I am in a bit of a dilema.  We would like to upgrade to a bigger house. 

We have two houses:

1. one variable Rate mortgage which is currently rented. mortgage is 140k and house is worth maybe 200k. 23 yrs left on mortgage.

2. the other one is where I live and it is a tracker (ECB +.75) . worth about 250k and mortgage balance is 115k. 18 yrs left on mortgage.

We need to sell one of the houses. Don't want to sell the first house as it is being rented and does not have as much equity. 

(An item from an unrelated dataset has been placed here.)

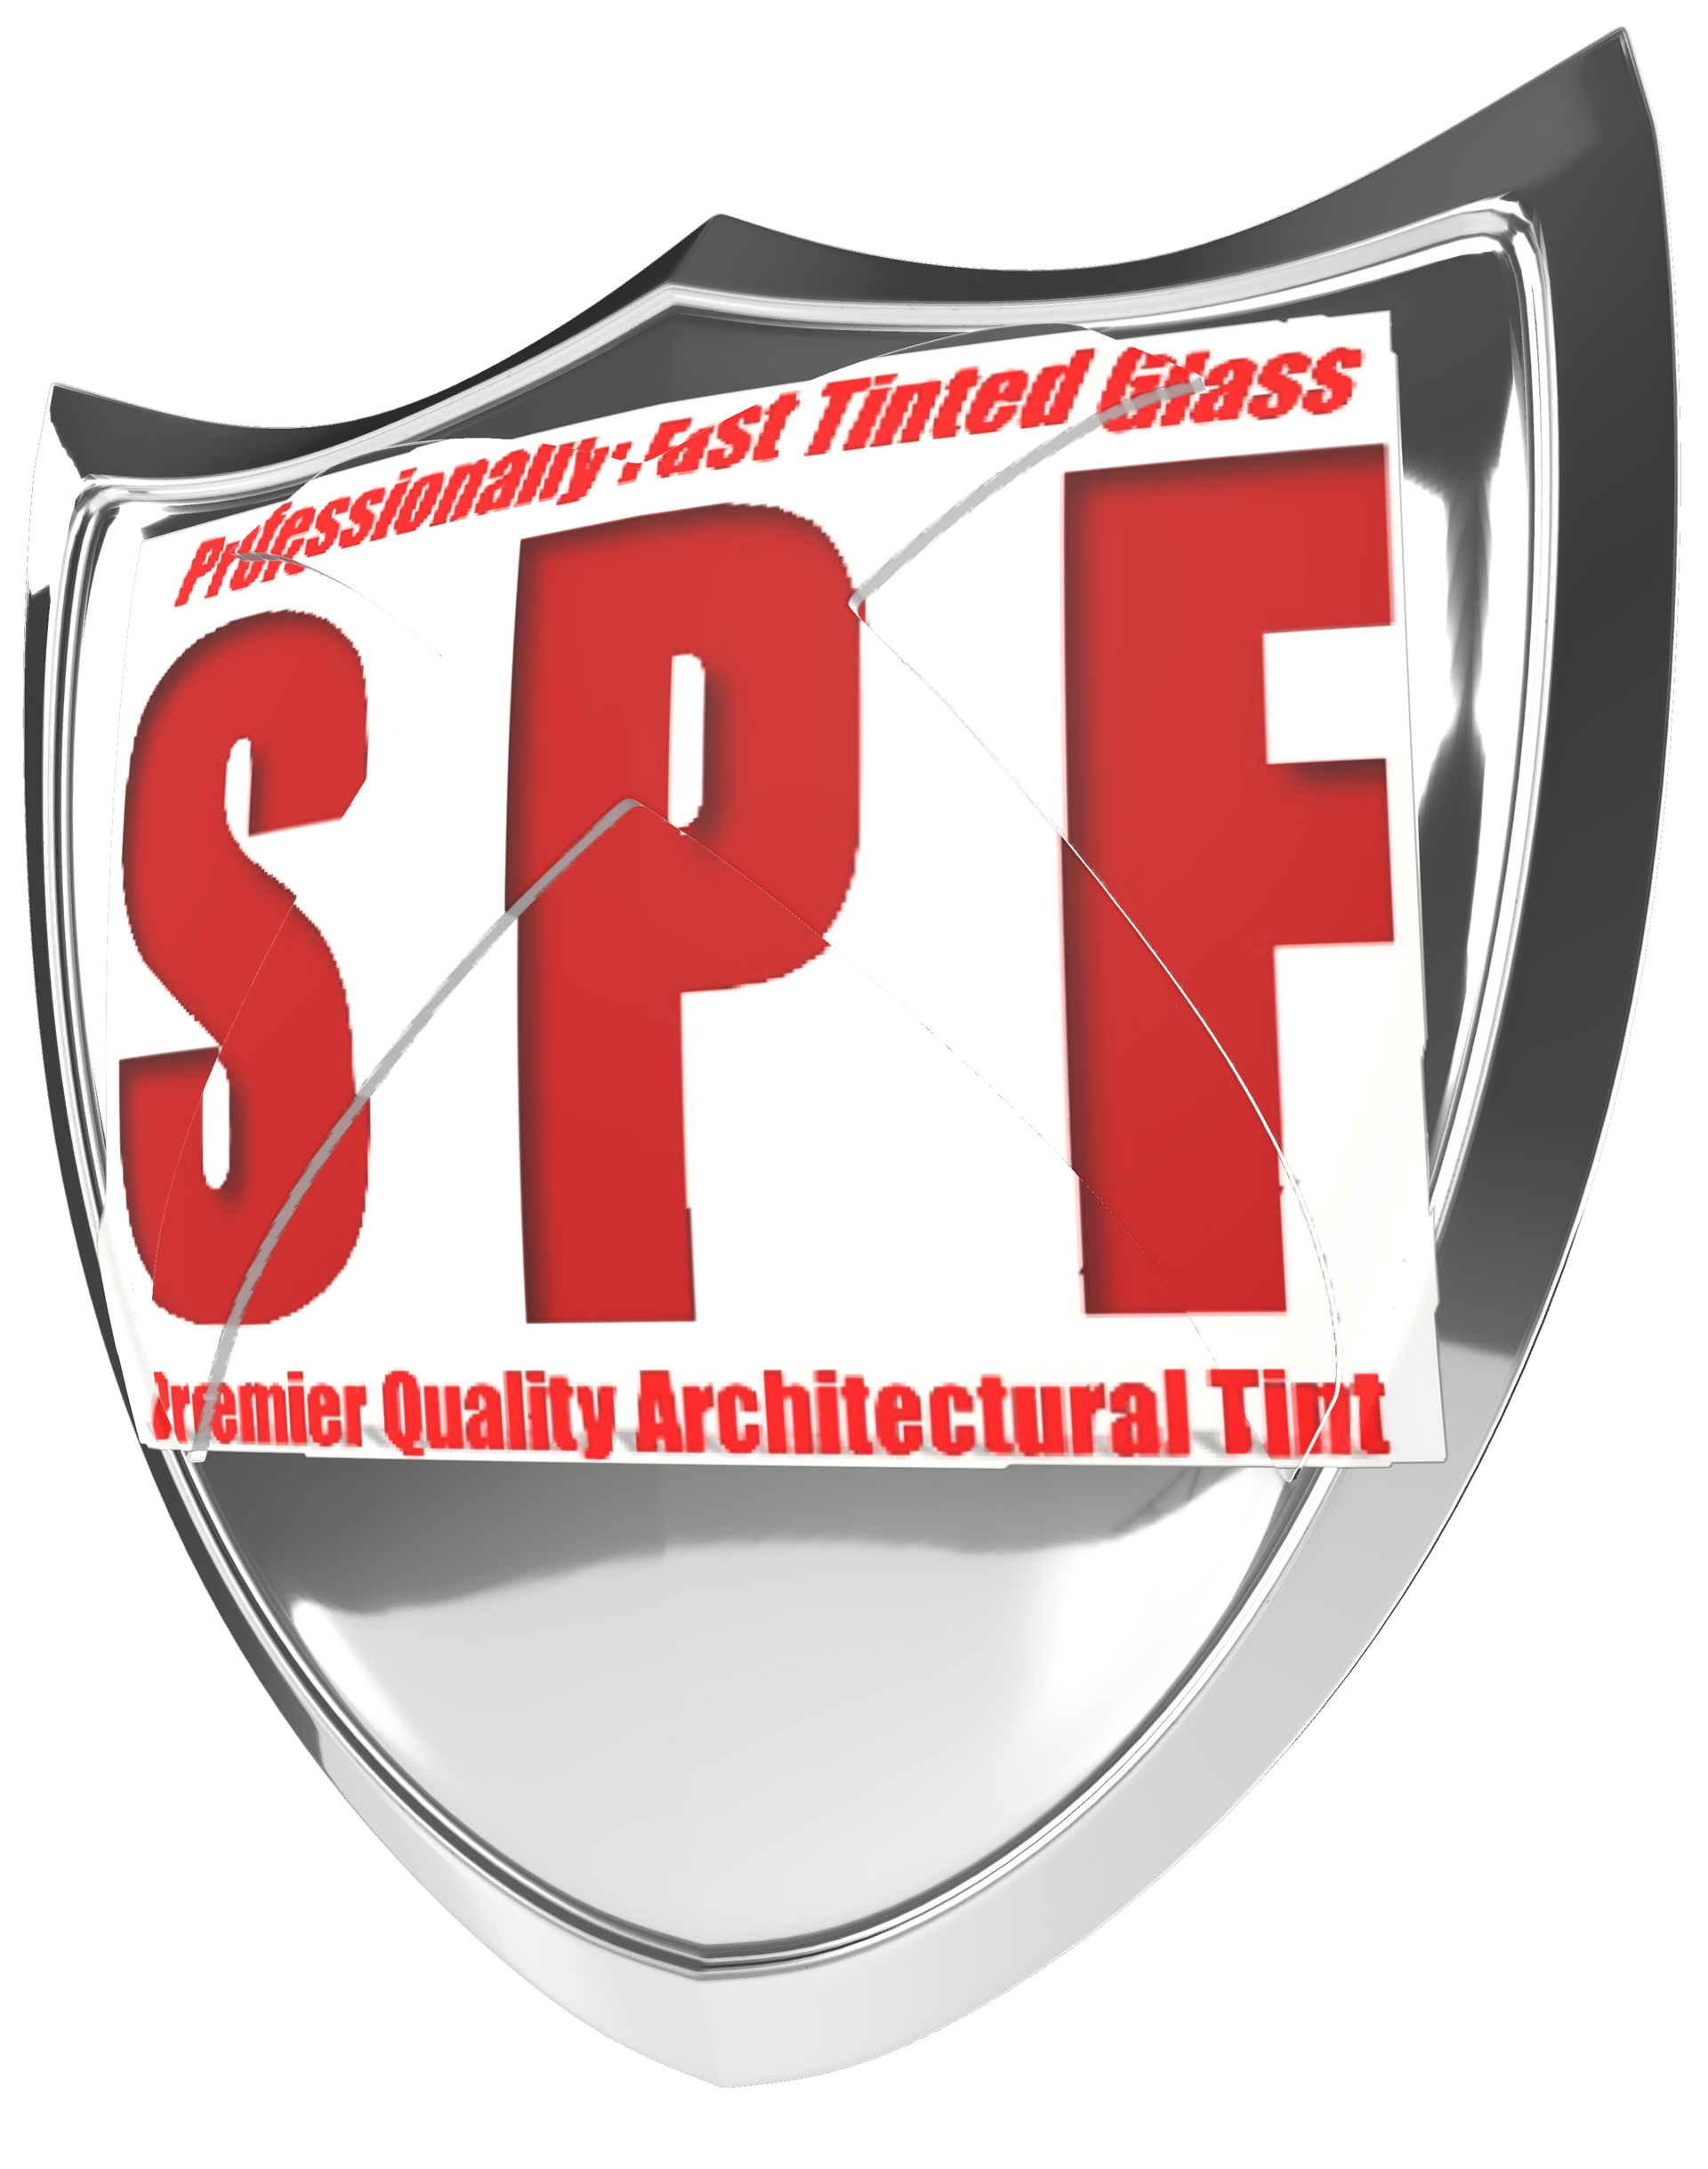 Authentic SPF Performance Tint for home or business windows in Alabama (Logo)

The problem is if I sell the house with the tracker rate and borrow this money again aon SVR gainst a new property what would be the estimated cost of this decision. Say there will be a difference of 3% between SVR and tracker. How much would that cost me. sorry not too good at the maths...

Regards,
Darragh


----------



## NorfBank (9 Apr 2010)

It is impossible to accurately estimate the cost to you of this decision, far too many variables but using the figures you have given

115k / 18 years @1.75% would have total repayments of around €134k
115k / 18 years @4.75% would have total repayments of around €171k.

Total cost difference to you of €37k.

A 3% difference is on the extreme side though, this is assuming the ECB rate will not rise during the term and also assumes a variable rate of 4.75% for the term. 

www.moneybackmortgages.ie


----------



## huskerdu (9 Apr 2010)

Another thing to factor into the equation is the rentability of the house wher you live. 
If you sell your investment property, and buy another house, will the rent that you can realistically achieve for your current PPR cover the mortgage ?


----------



## ssiaman (9 Apr 2010)

Thanks. That does help me a lot.

Both houses if rented today would well cover existing mortgages. The house that is renting at the moment has good tenants and paying good rent so I am reluctant to sell and force them out. My current PPR house is in a better area worth more and will probably rent for the same amount as the other one.

I thought a figure of 3% difference was a fair one considering banks are moving to up interest rates already. They will always have the excuse to continue to do this in order to survive. Instead they will be coming back to tax payer.


----------